Esto ya lo vivimos… ¿o no?


Pensar en un programa económico de la mano del fondo nos hace pensar casi de manera instintiva en un ajuste voraz en la economía. La frase ¨hicimos los deberes para ir hacia un país normal¨ que tanto parafrasean Milei y Caputo, intenta poner dicho pensamiento del lado contrario.


Gran parte del sinceramiento de precios quedó atrás a principios del año pasado, en aquellos meses caracterizados por elevados niveles de inflación. Claramente no se descarta la posibilidad de aumento de tarifas, pero no de la misma magnitud. Este contexto evidencia la principal diferencia con programas previos; donde se recurría al fondo y posteriormente se realizaba el ajuste fiscal.


Conclusión


La apertura del cepo rinde cuentas de la nueva fase en la que entra la economía. Haber “hecho los deberes” le da cierto margen de maniobra para mantener el norte. 

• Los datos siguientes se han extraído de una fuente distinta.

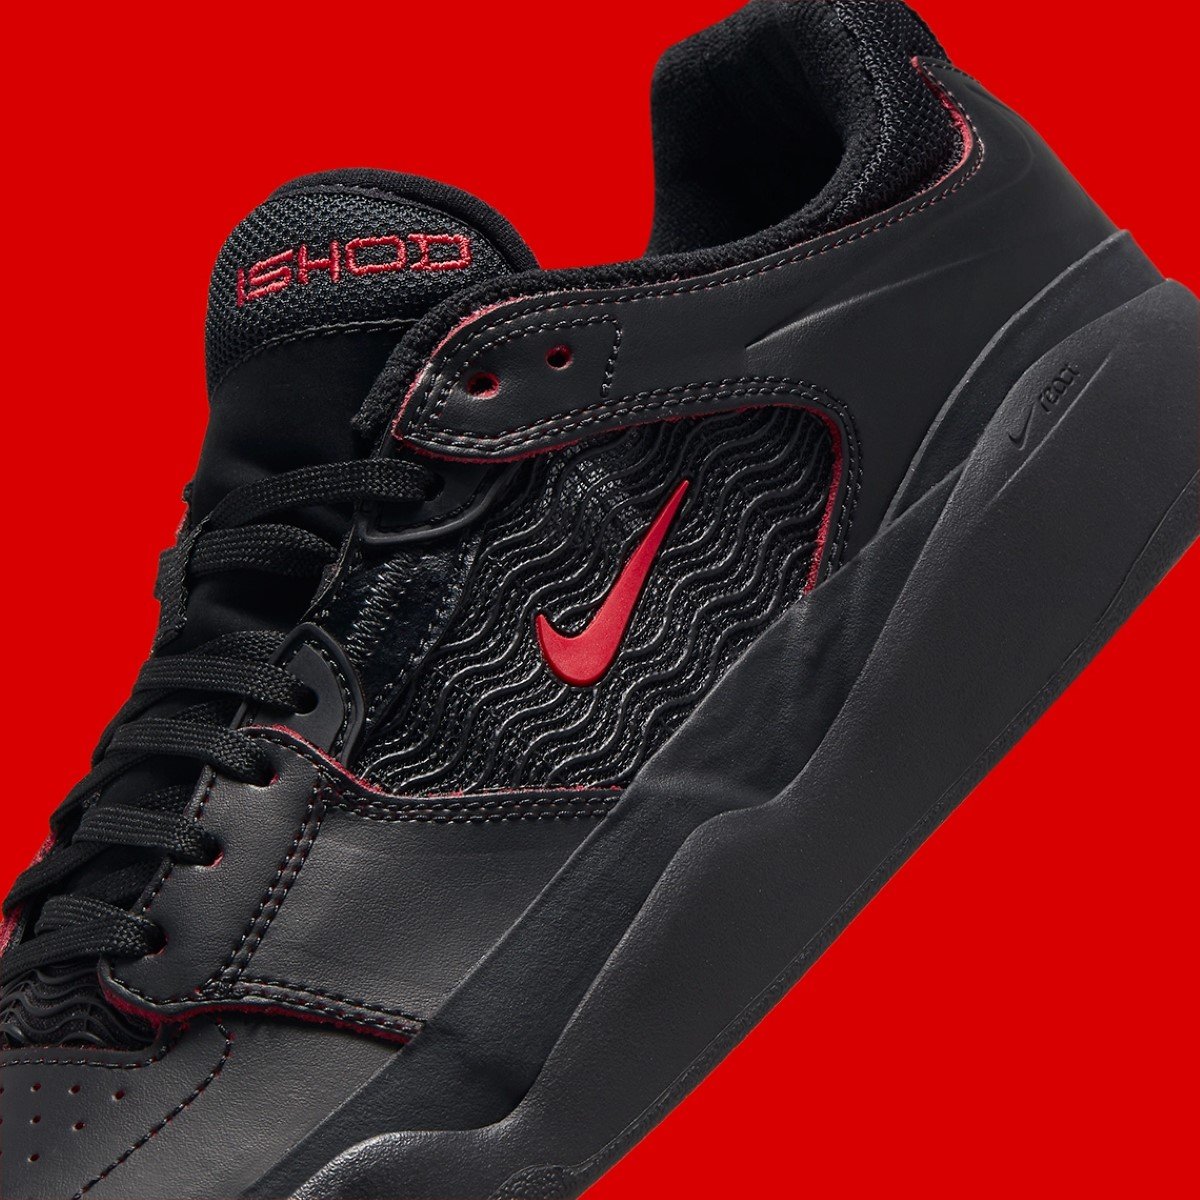 Nike SB Ishod "Bred"
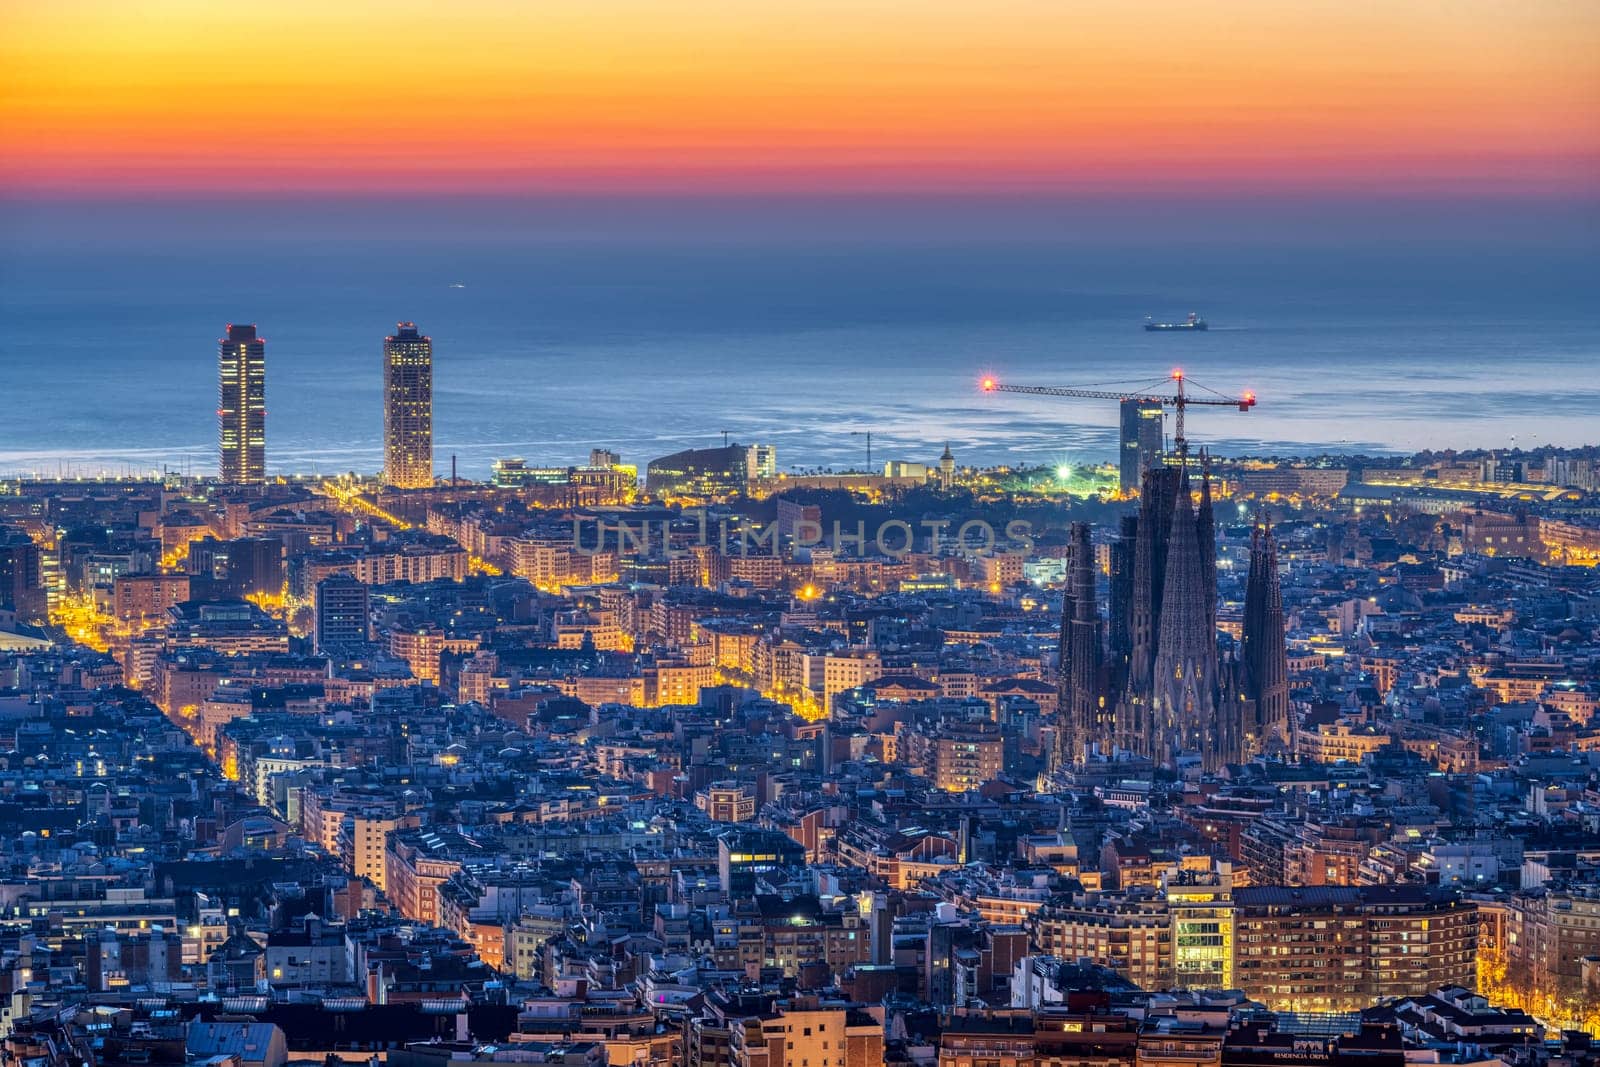 The skyline of Barcelona with the famous Sagrada Familia by elxeneize

Hacia adelante, entre los principales desafíos se encuentra el mantener el norte establecido a nivel local con el posicionamiento en el contexto internacional, el cual parece encontrar cierto camino, ya que Estados Unidos dio marcha atrás con las principales subas de aranceles. Aún así, el presidente anticipó un mayor ajuste fiscal pasando de 1.3% a 1.6% del PBI y proyectan reducir la “absorción doméstica“, con el fin de mejorar la balanza comercial.


En esta misma línea, el otro gran desafío será mantener un stock de reservas positivo para mantener estable el tipo de cambio, teniendo como eje en el corto plazo la ya mencionada liquidación del campo.